That's not a palatable situation.
You don't want to have that situation.
Why?
Again because a string does not carry within itself
sufficient information for doing this adequate recovery.
AUDIENCE: But I think there are reasonable principles to
use to choose from among the infinitely many concepts that
are consistent with a finite set,
LEV GOLDFARB: They would be somewhat ad hoc principles
that would simply have to be put in in order to deal with
that big problem.
AUDIENCE: And there's a trade-off between how ad hoc
or principled a solution is and how useful it is.
LEV GOLDFARB: But the whole point, you see, of having a
good formalism for classification you don't want
to introduce this kind of assumptions.
You want to get into representation and you want to
move on with it and doing easily the job
that you need to do.
You don't want to introduce later on all kinds of ad hoc
assumptions.
AUDIENCE: It depend on what you want to do, I suppose.

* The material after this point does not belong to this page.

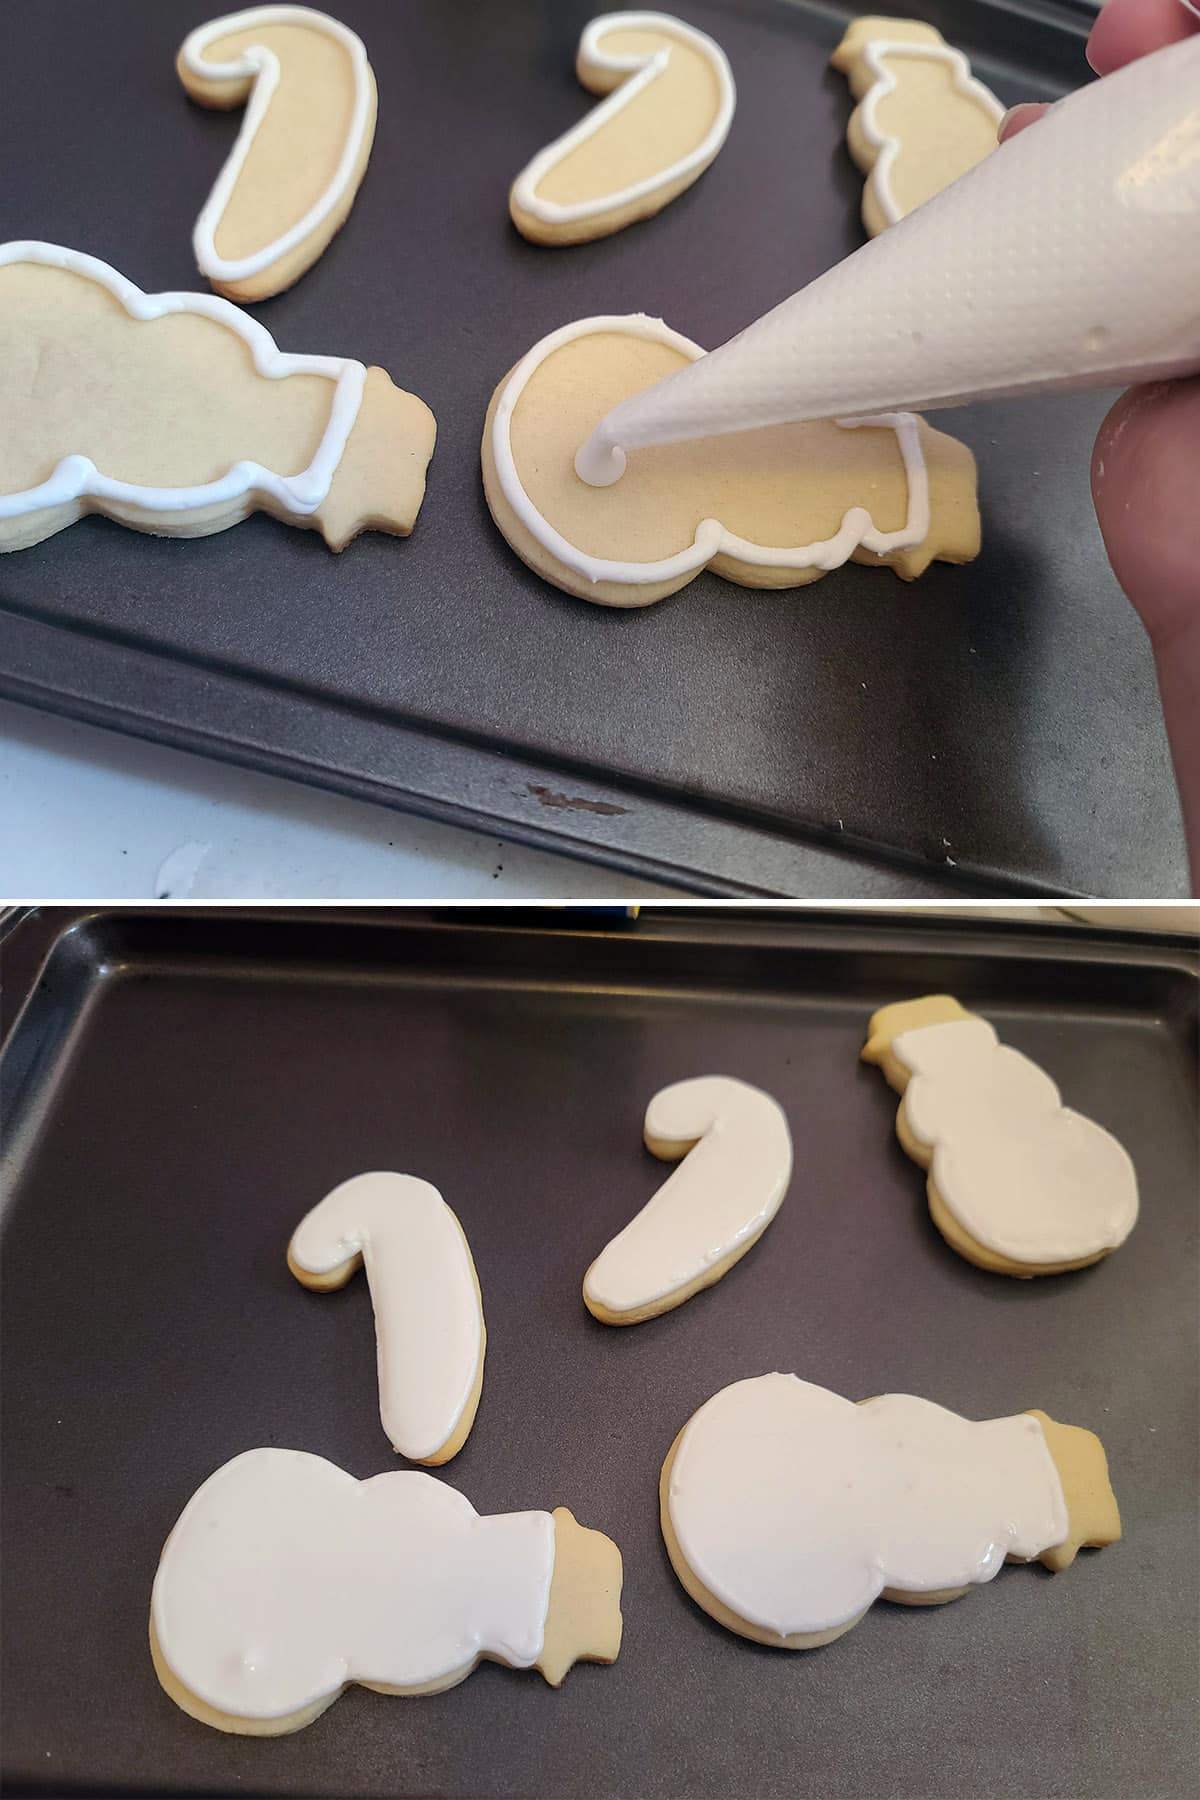 Cookie decorating in progress - outlined cookies being filled in with white royal icing.

LEV GOLDFARB: No, I mean, in general that's the idea of
representational formalism.
If you look back at these first two axioms, once you
represent the objects you want your
classes to emerge naturally.
You don't want to do any hocus pocus.
You want them to be sitting there.
AUDIENCE: But it depends, right?
If somebody has an engineering objective to build an
interface to a database where scientists can put their
sequence and it tells them something about the likely
function, let's say, of a tissue sample, or
something like that.
The representation depends on the DNA--
LEV GOLDFARB: I'm sorry, what are the classes here?
What would be the classes?
AUDIENCE: The class might be proteins with a given
function, I suppose.
LEV GOLDFARB: Proteins with a given function.
Right.
So that's precisely fit into this concept of class.
AUDIENCE: But a representation that depends on the DNA coding
for the protein might be a more convenient and effective
way to design an engineering [INTERPOSING VOICES].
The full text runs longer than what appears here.